Exercise data:
┌──
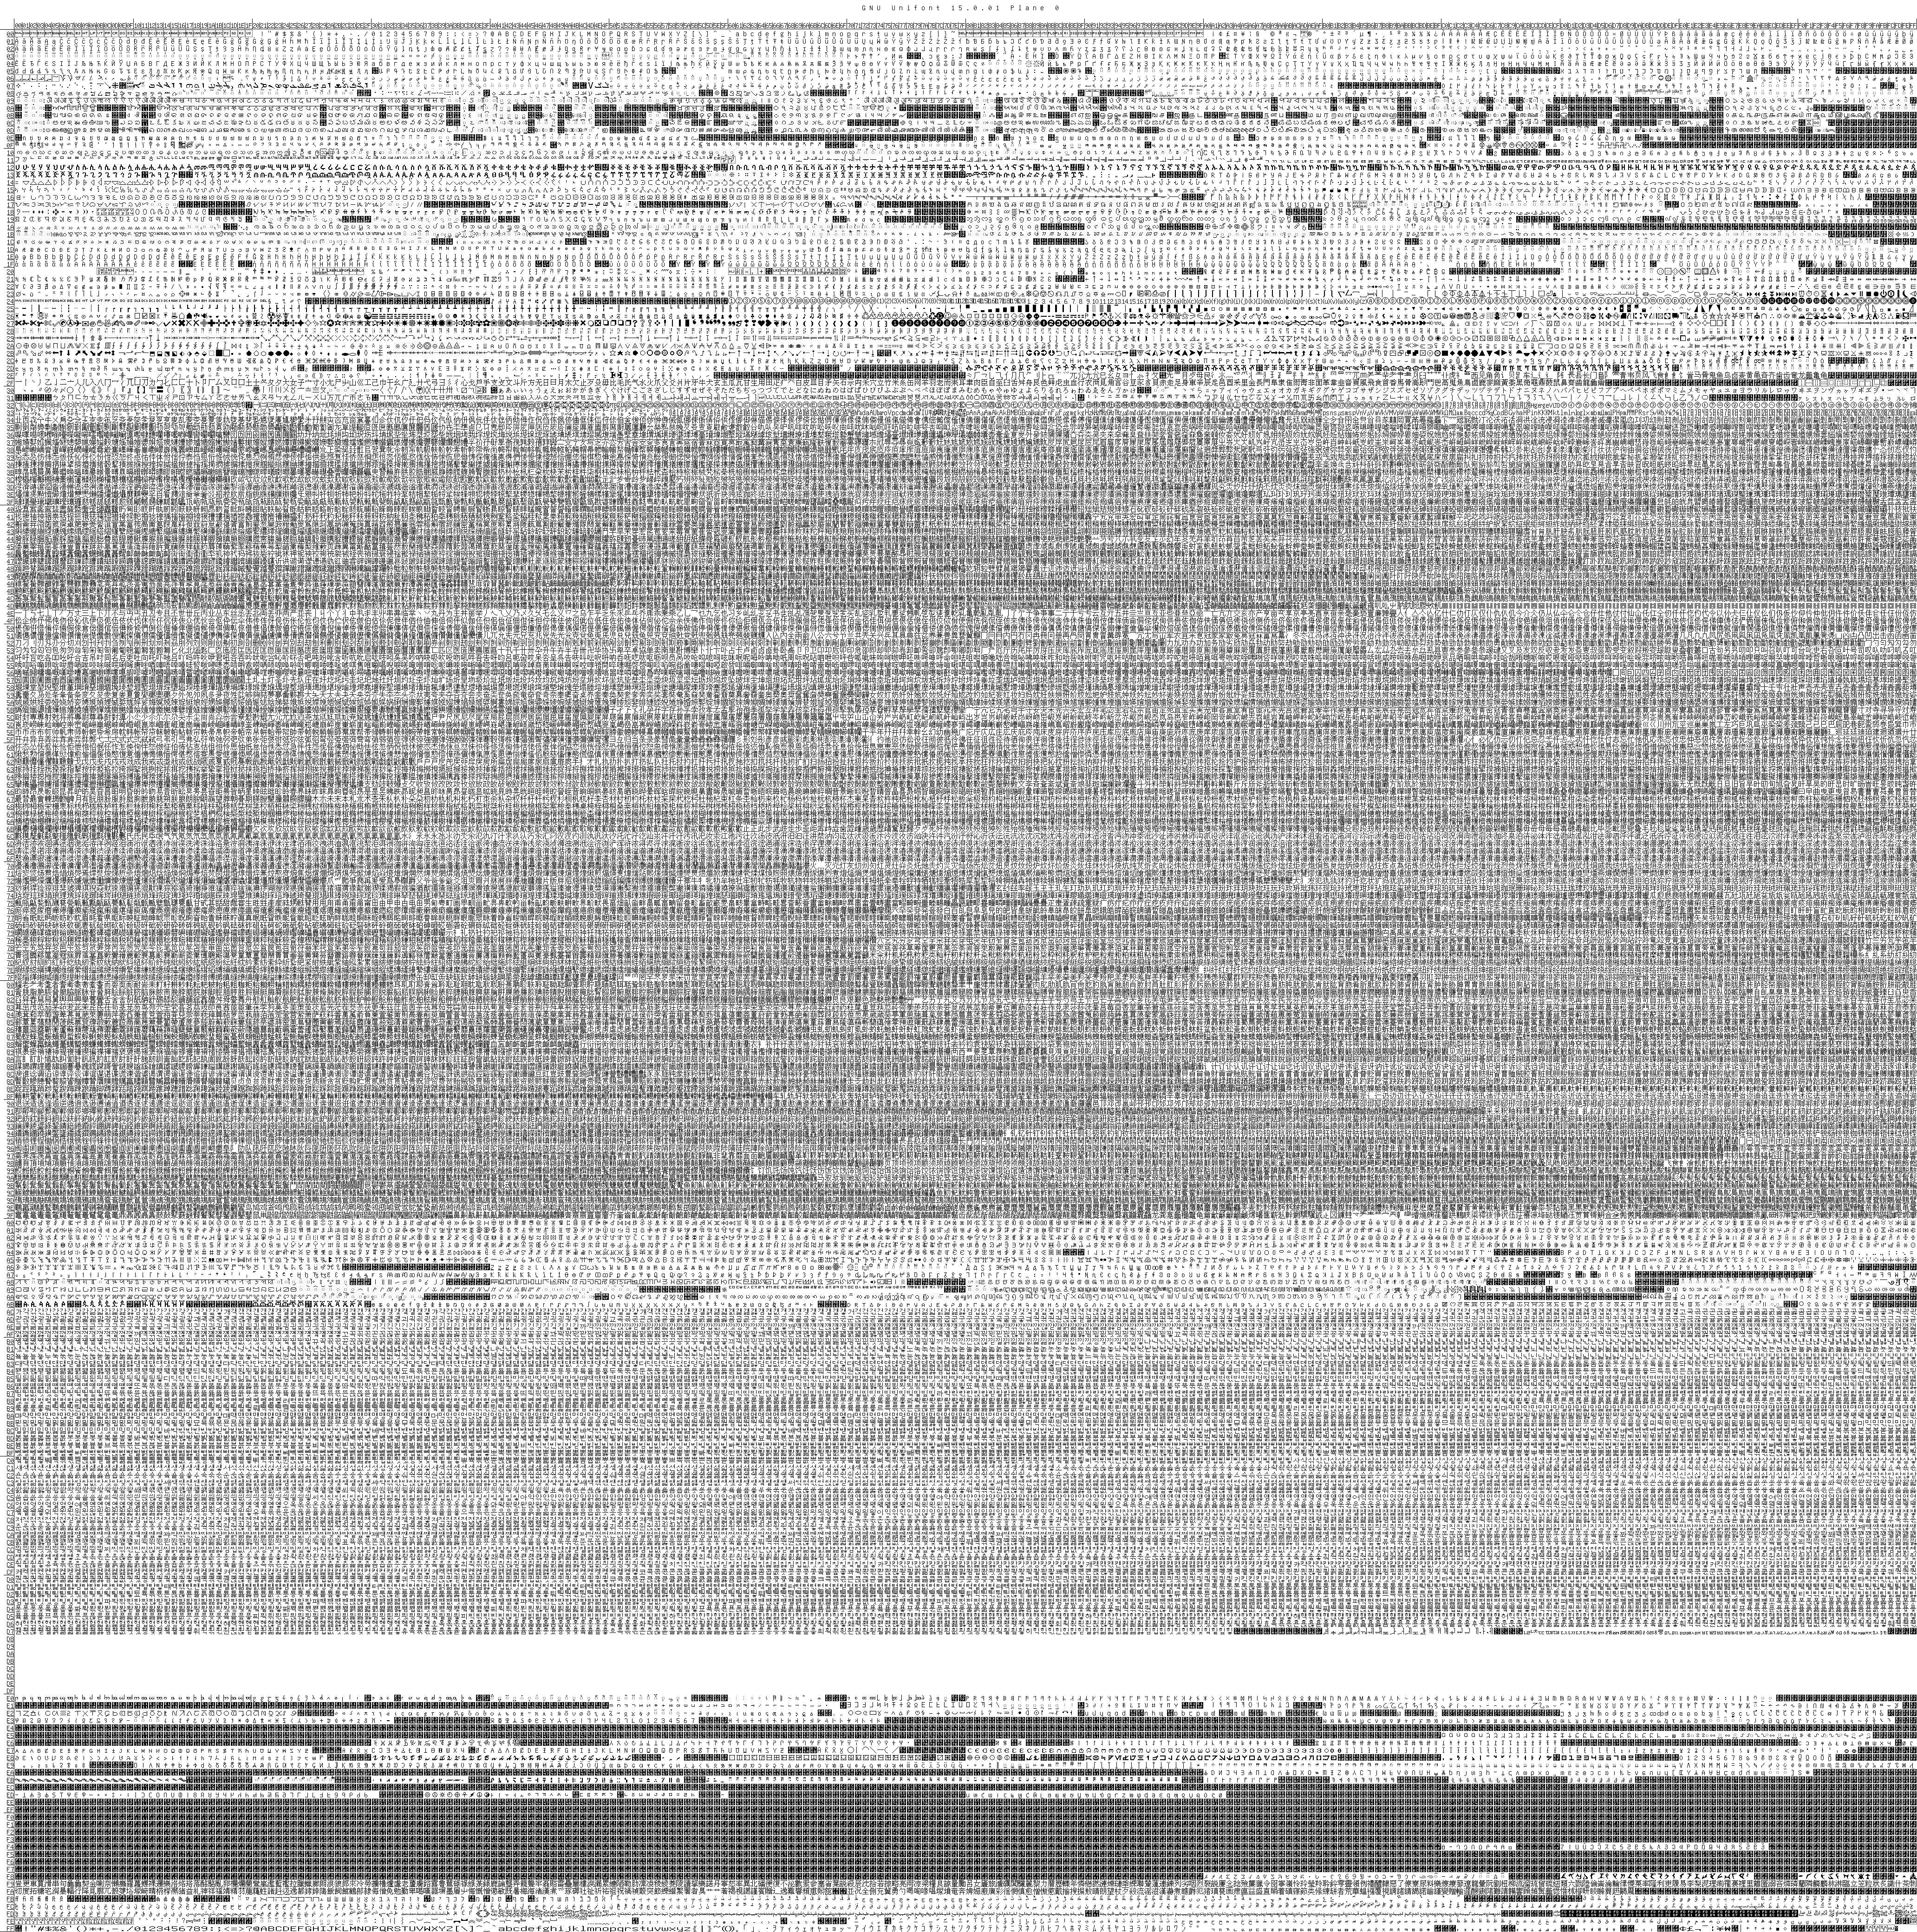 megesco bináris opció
└──
┌──
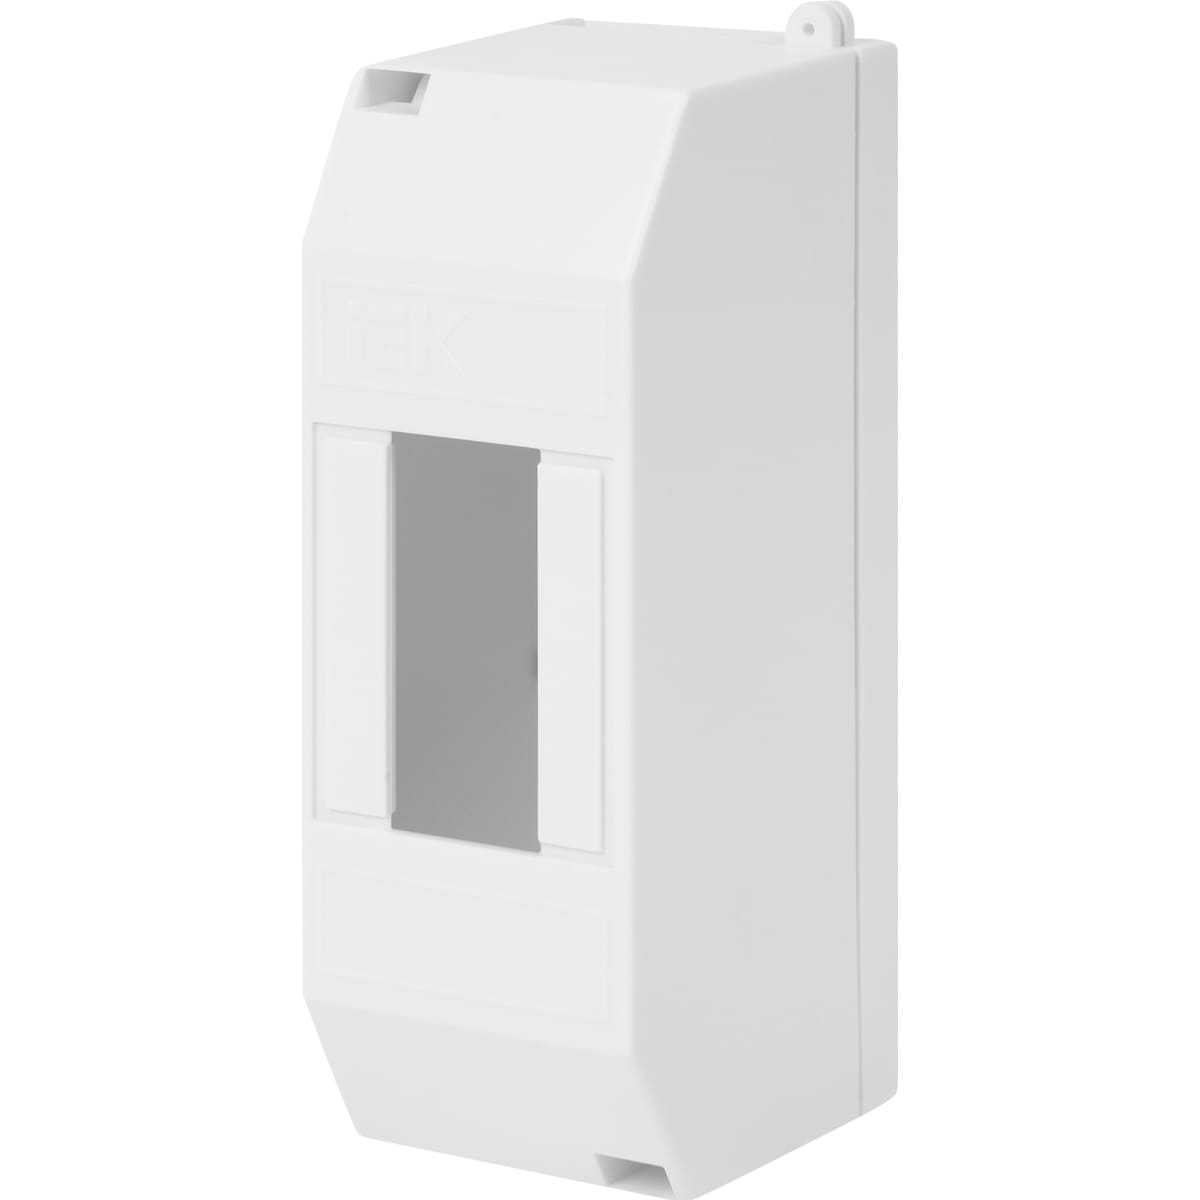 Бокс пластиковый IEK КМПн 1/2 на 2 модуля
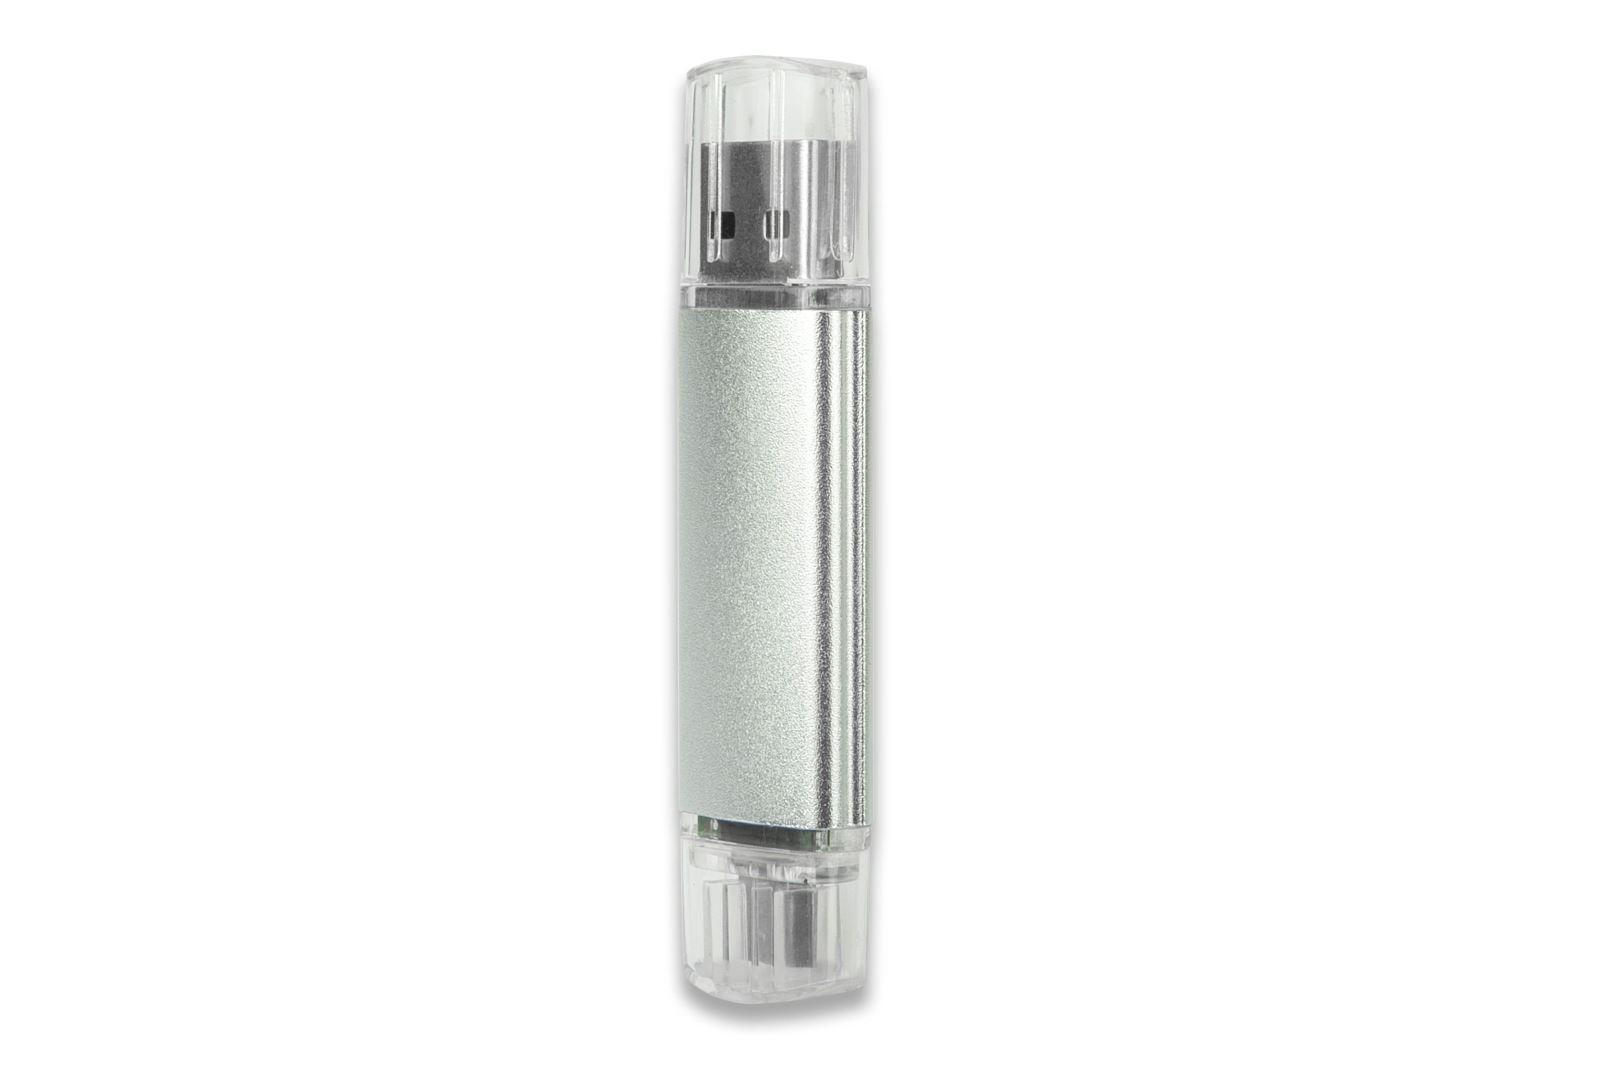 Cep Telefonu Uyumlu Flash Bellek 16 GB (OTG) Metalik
└──
┌──
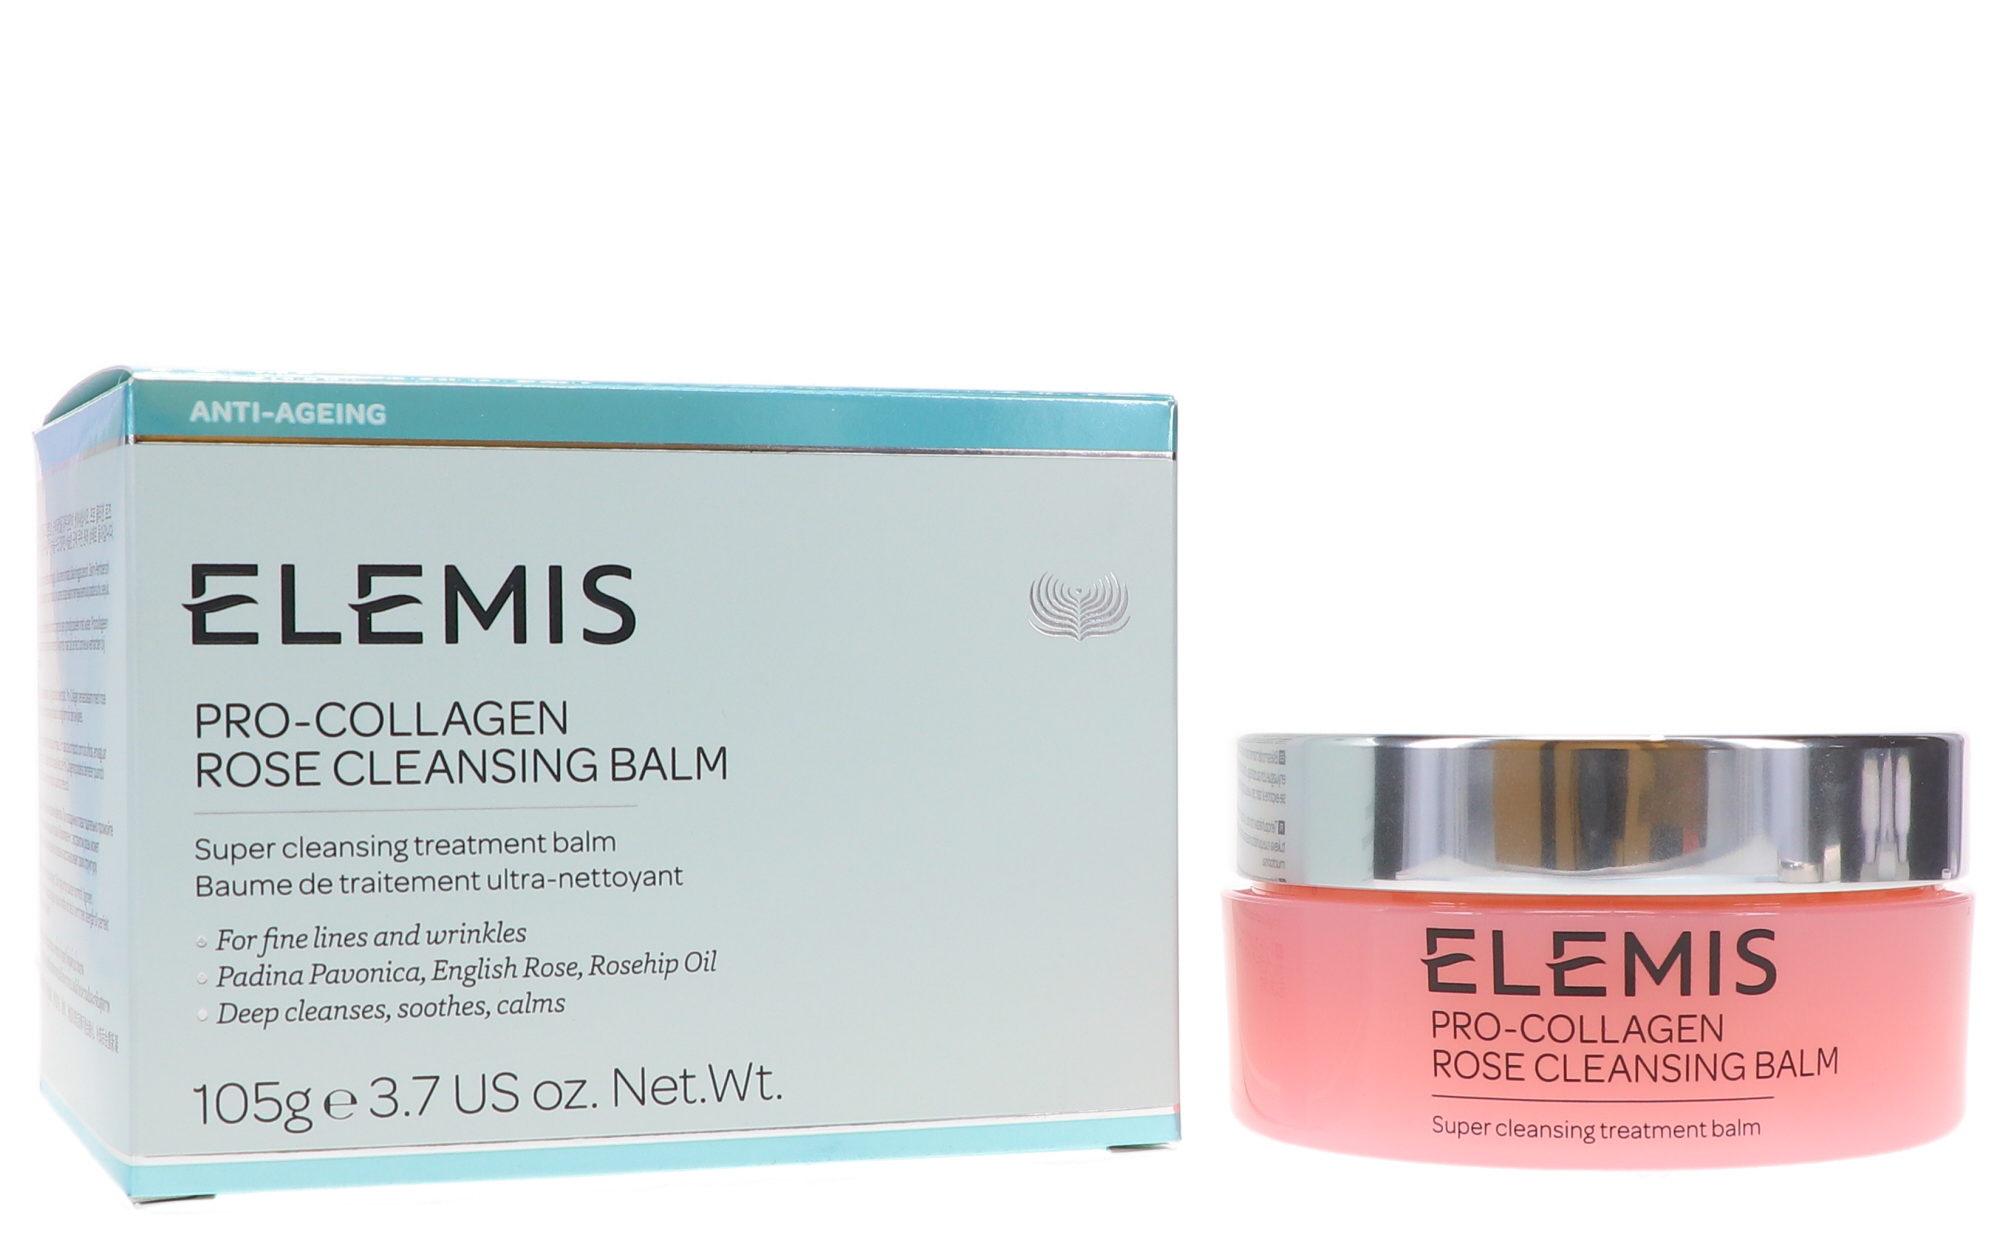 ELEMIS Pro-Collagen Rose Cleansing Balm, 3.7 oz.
└──
What the task asks:
Using the entries above, extract exactly the lines from the one that contains "Бокс пластиковый IEK КМПн 1/2 на 2 модуля" through the one that contains "Cep Telefonu Uyumlu". Do not carry over any pictures.

Task answer:
 Бокс пластиковый IEK КМПн 1/2 на 2 модуля
 Cep Telefonu Uyumlu Flash Bellek 16 GB (OTG) Metalik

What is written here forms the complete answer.